> What you are asked to do
Return all the lines below exactly as written. Drop every picture.

> Source material
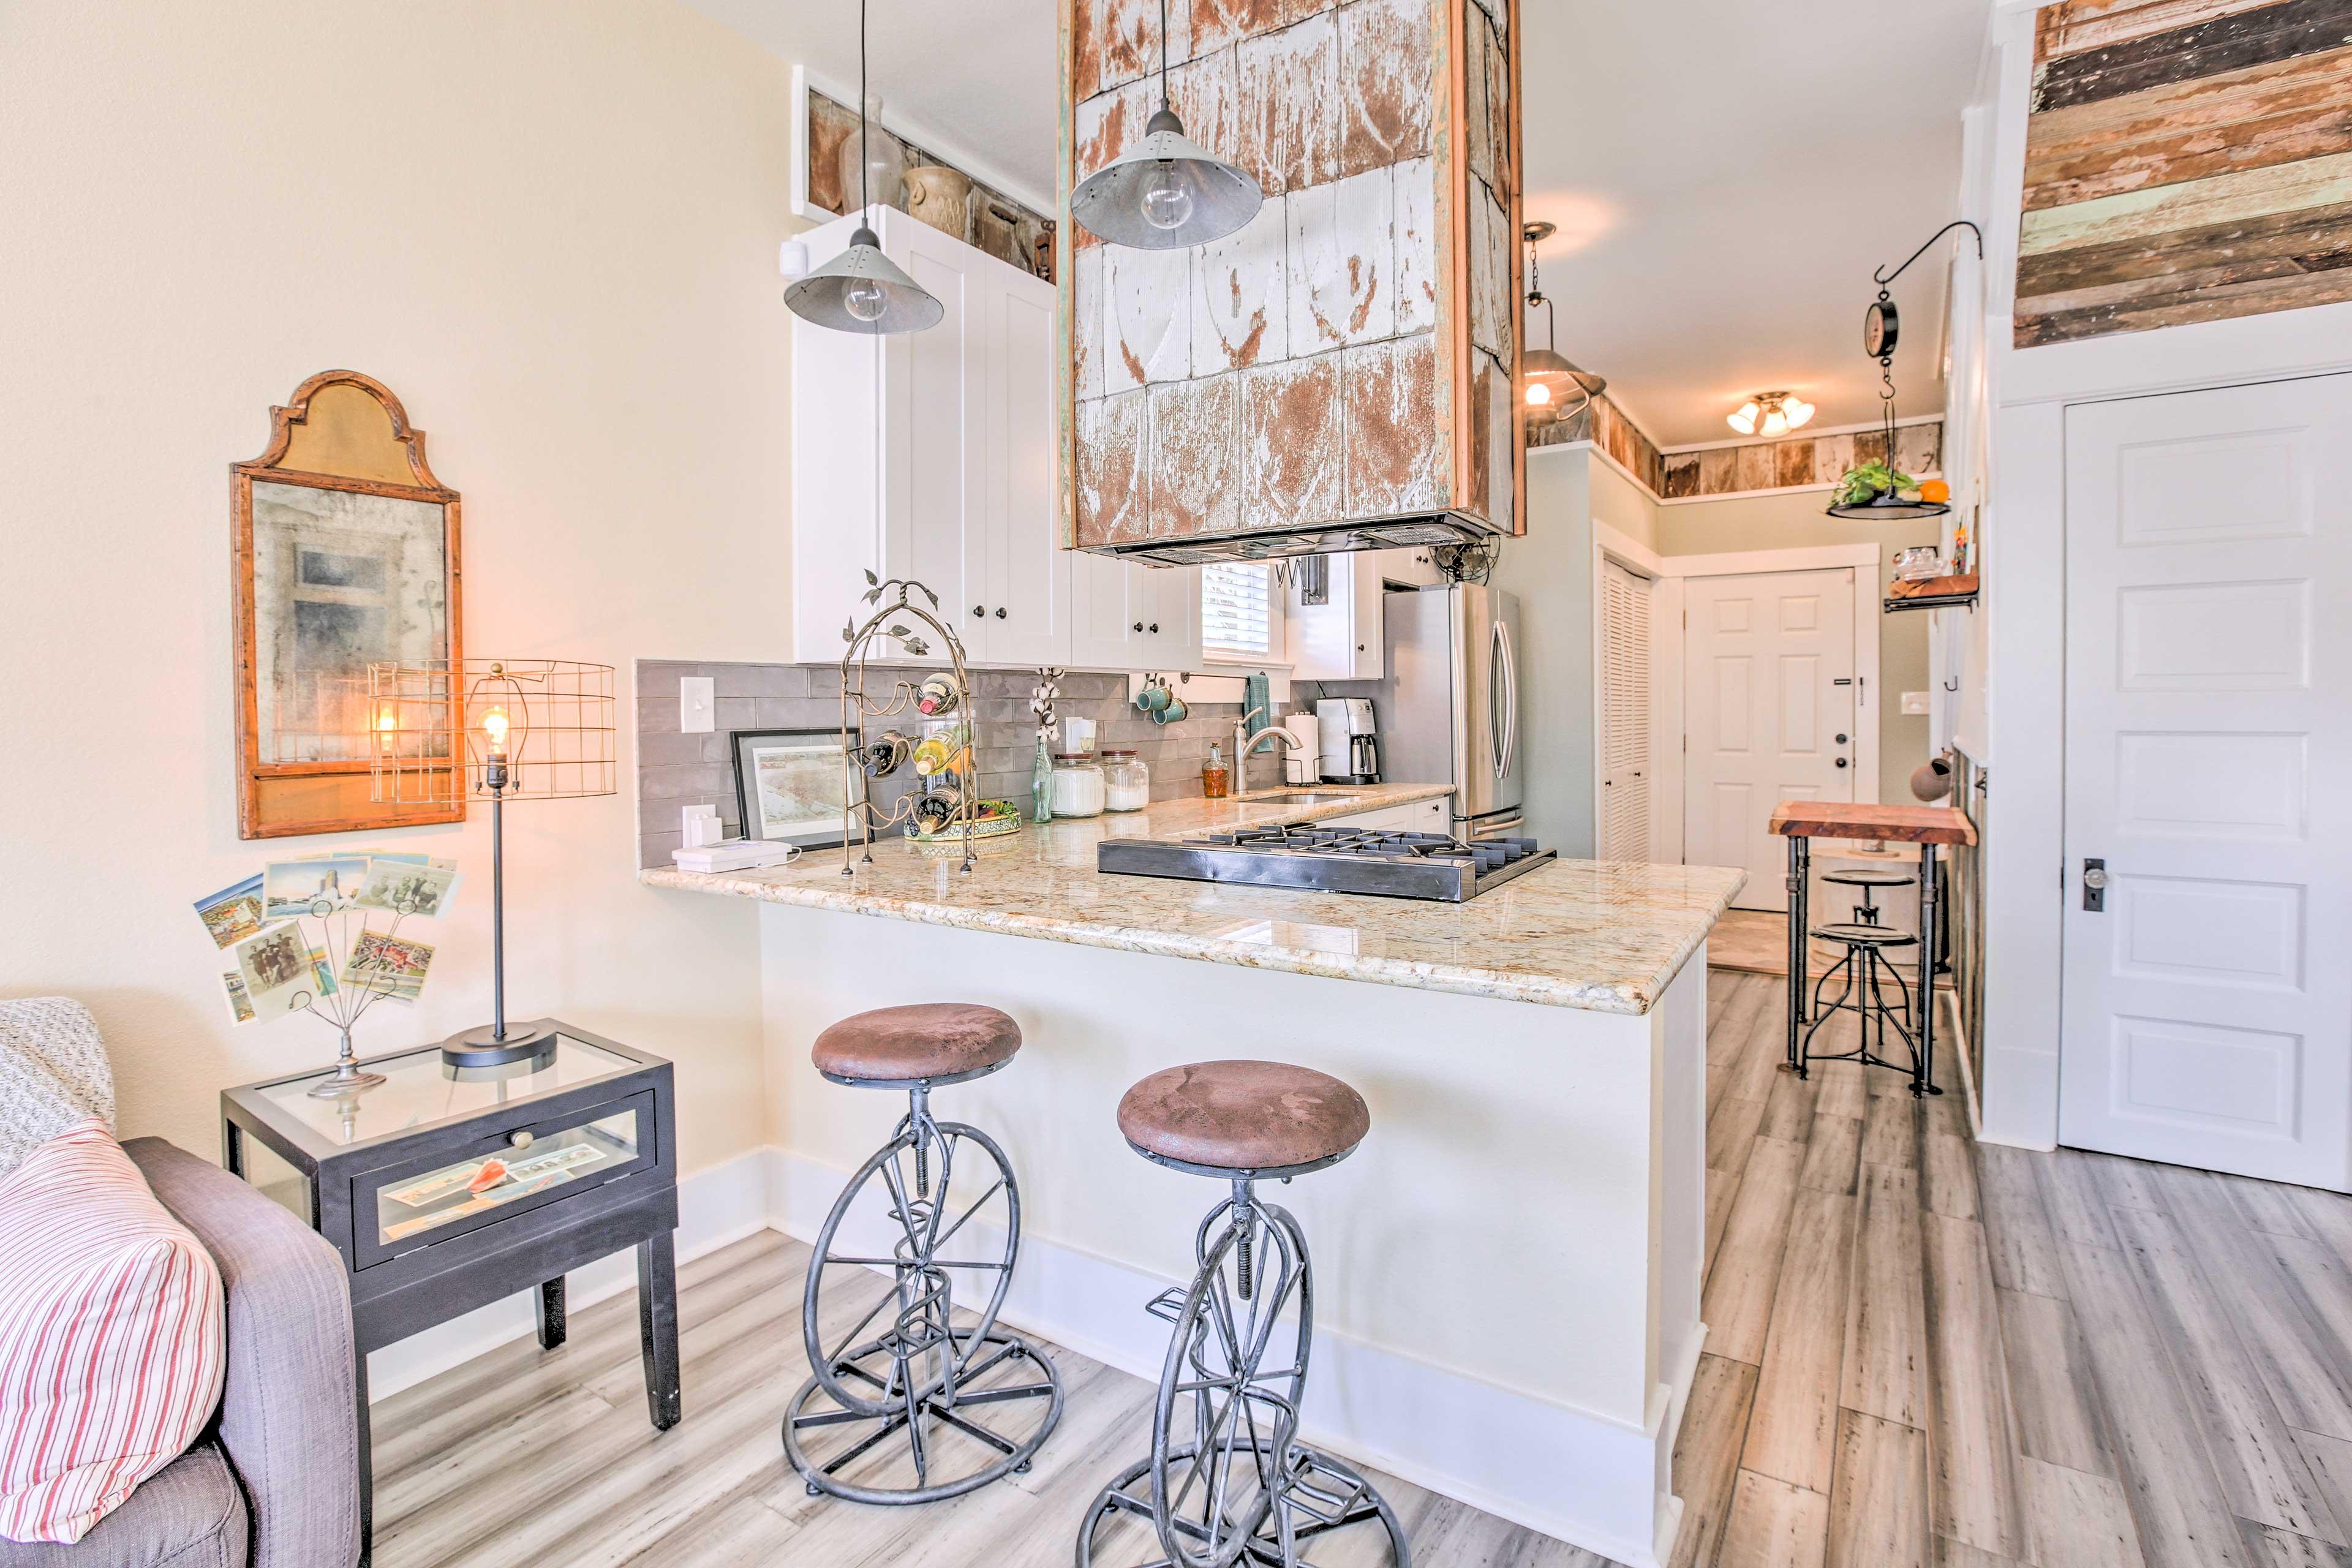 This unique, farm-style kitchen is truly a chef's dream.
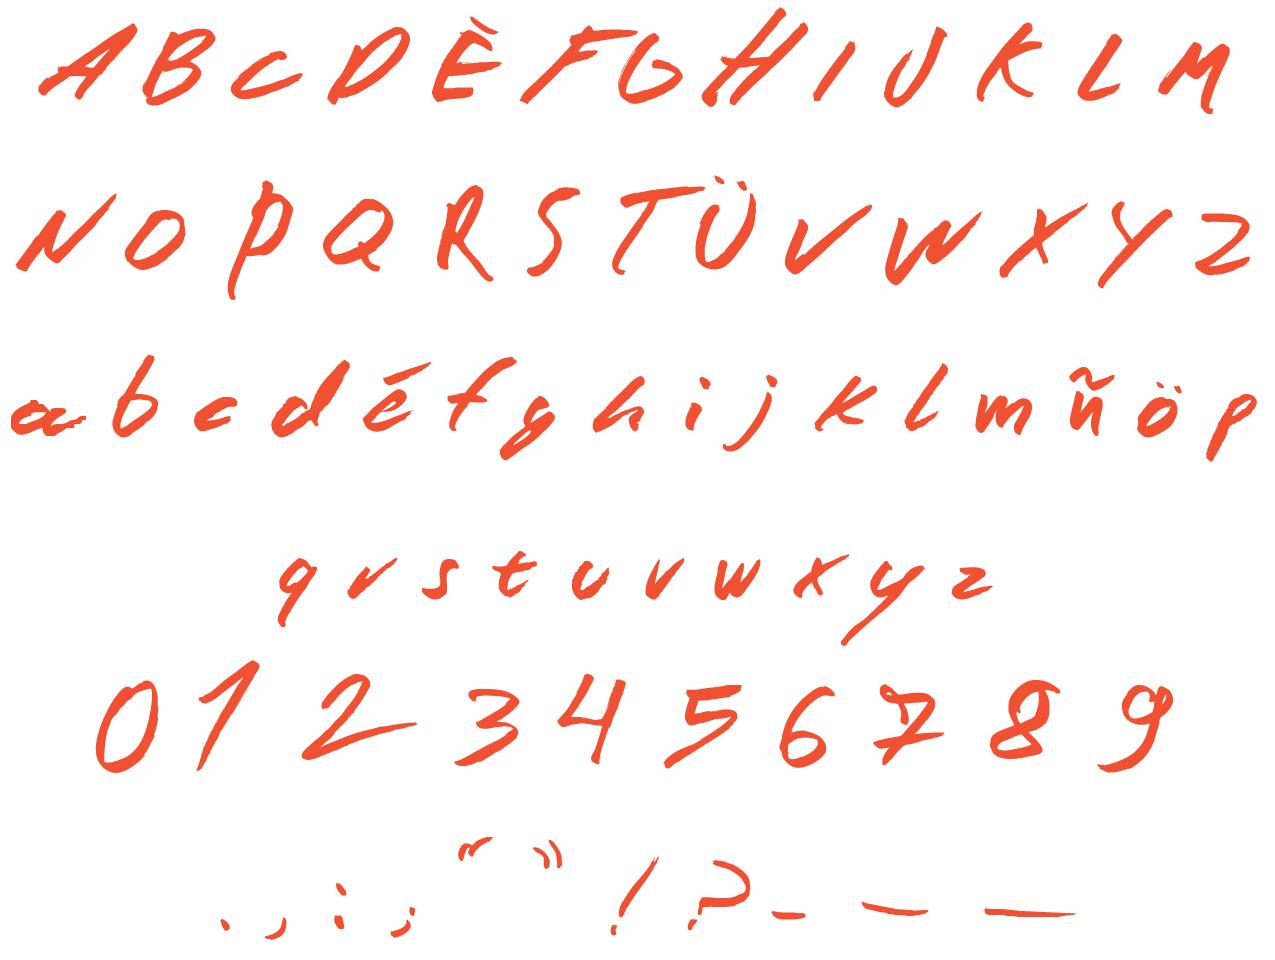 Wild Script « Mário Vinícius – Graphic & Type Designer concernant Police Script Ecole
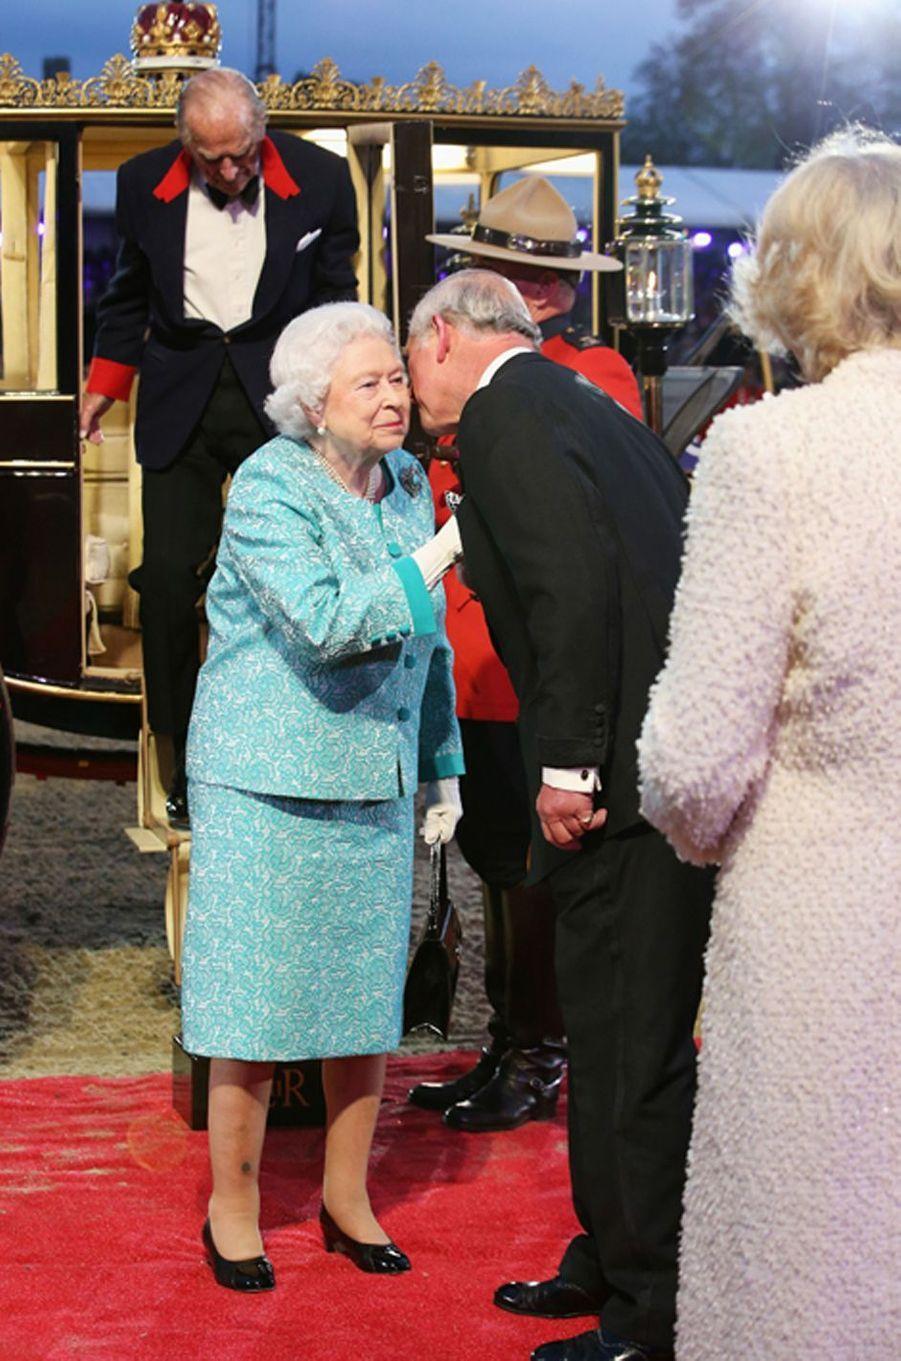 La reine Elizabeth II et le prince Charles à Windsor, le 15 mai 2016
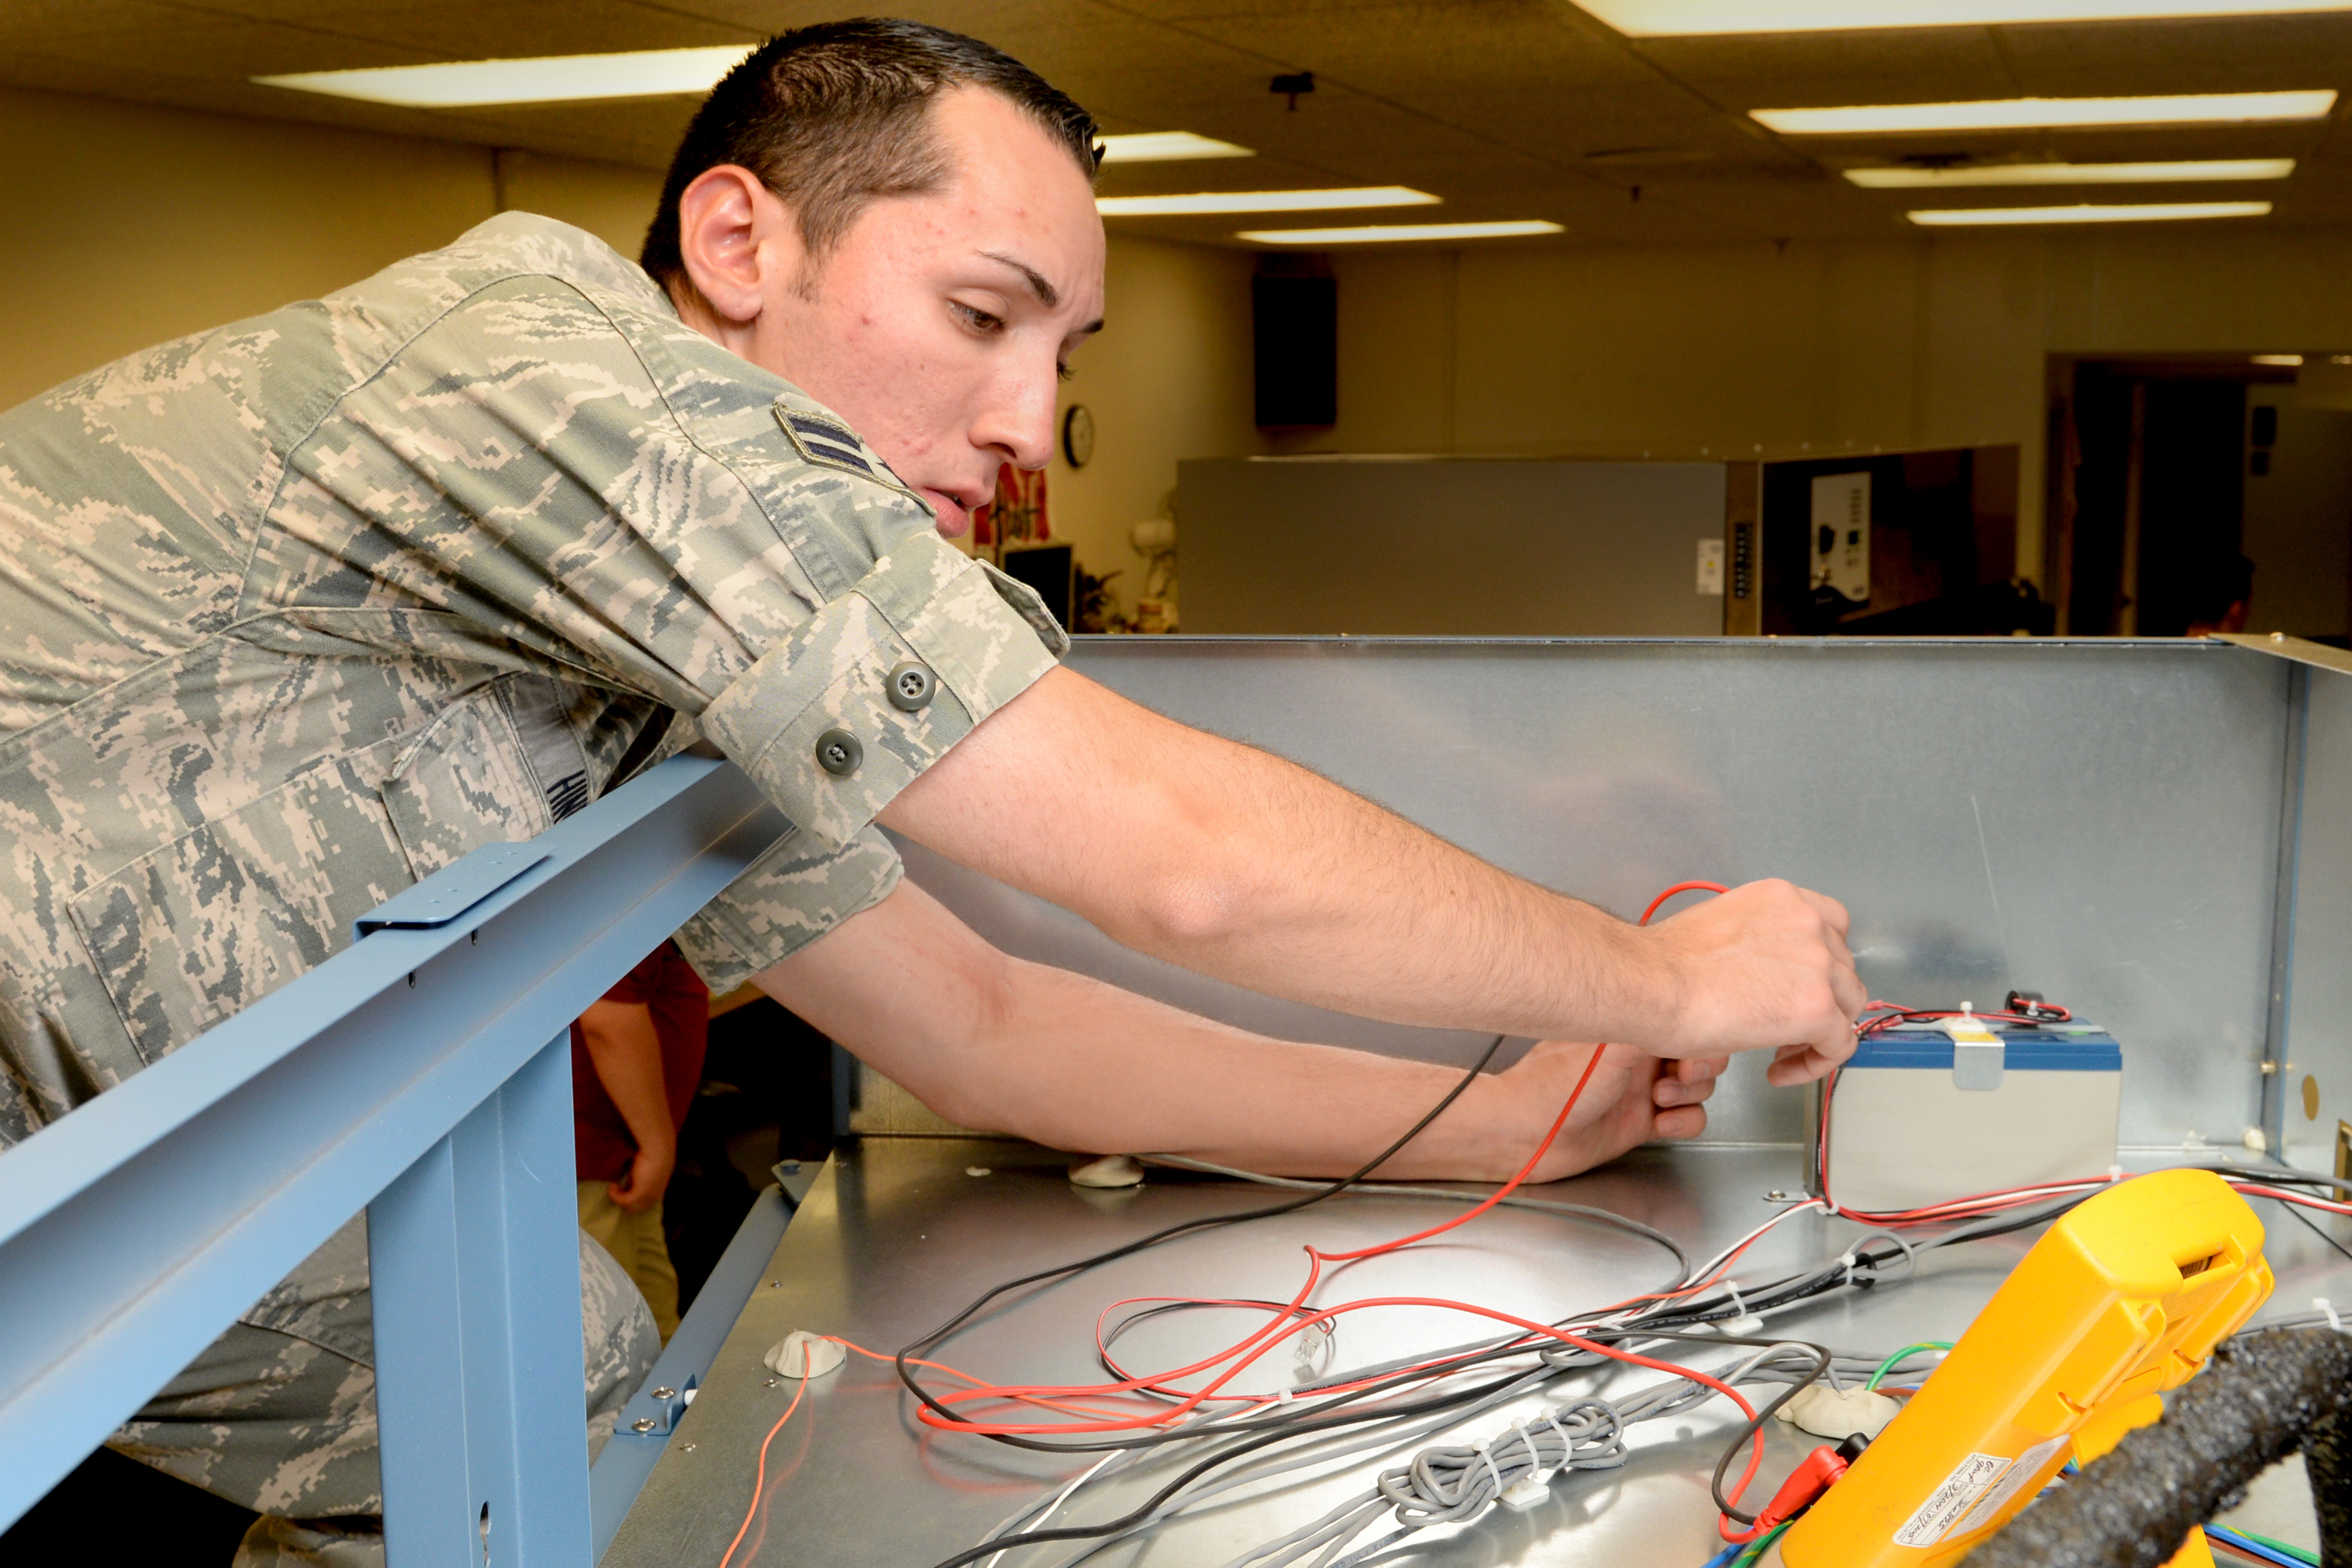 Medical equipment repair shop keeps mission going > Scott

> Result for this task
 This unique, farm-style kitchen is truly a chef's dream.
 Wild Script « Mário Vinícius – Graphic & Type Designer concernant Police Script Ecole
 La reine Elizabeth II et le prince Charles à Windsor, le 15 mai 2016
 Medical equipment repair shop keeps mission going > Scott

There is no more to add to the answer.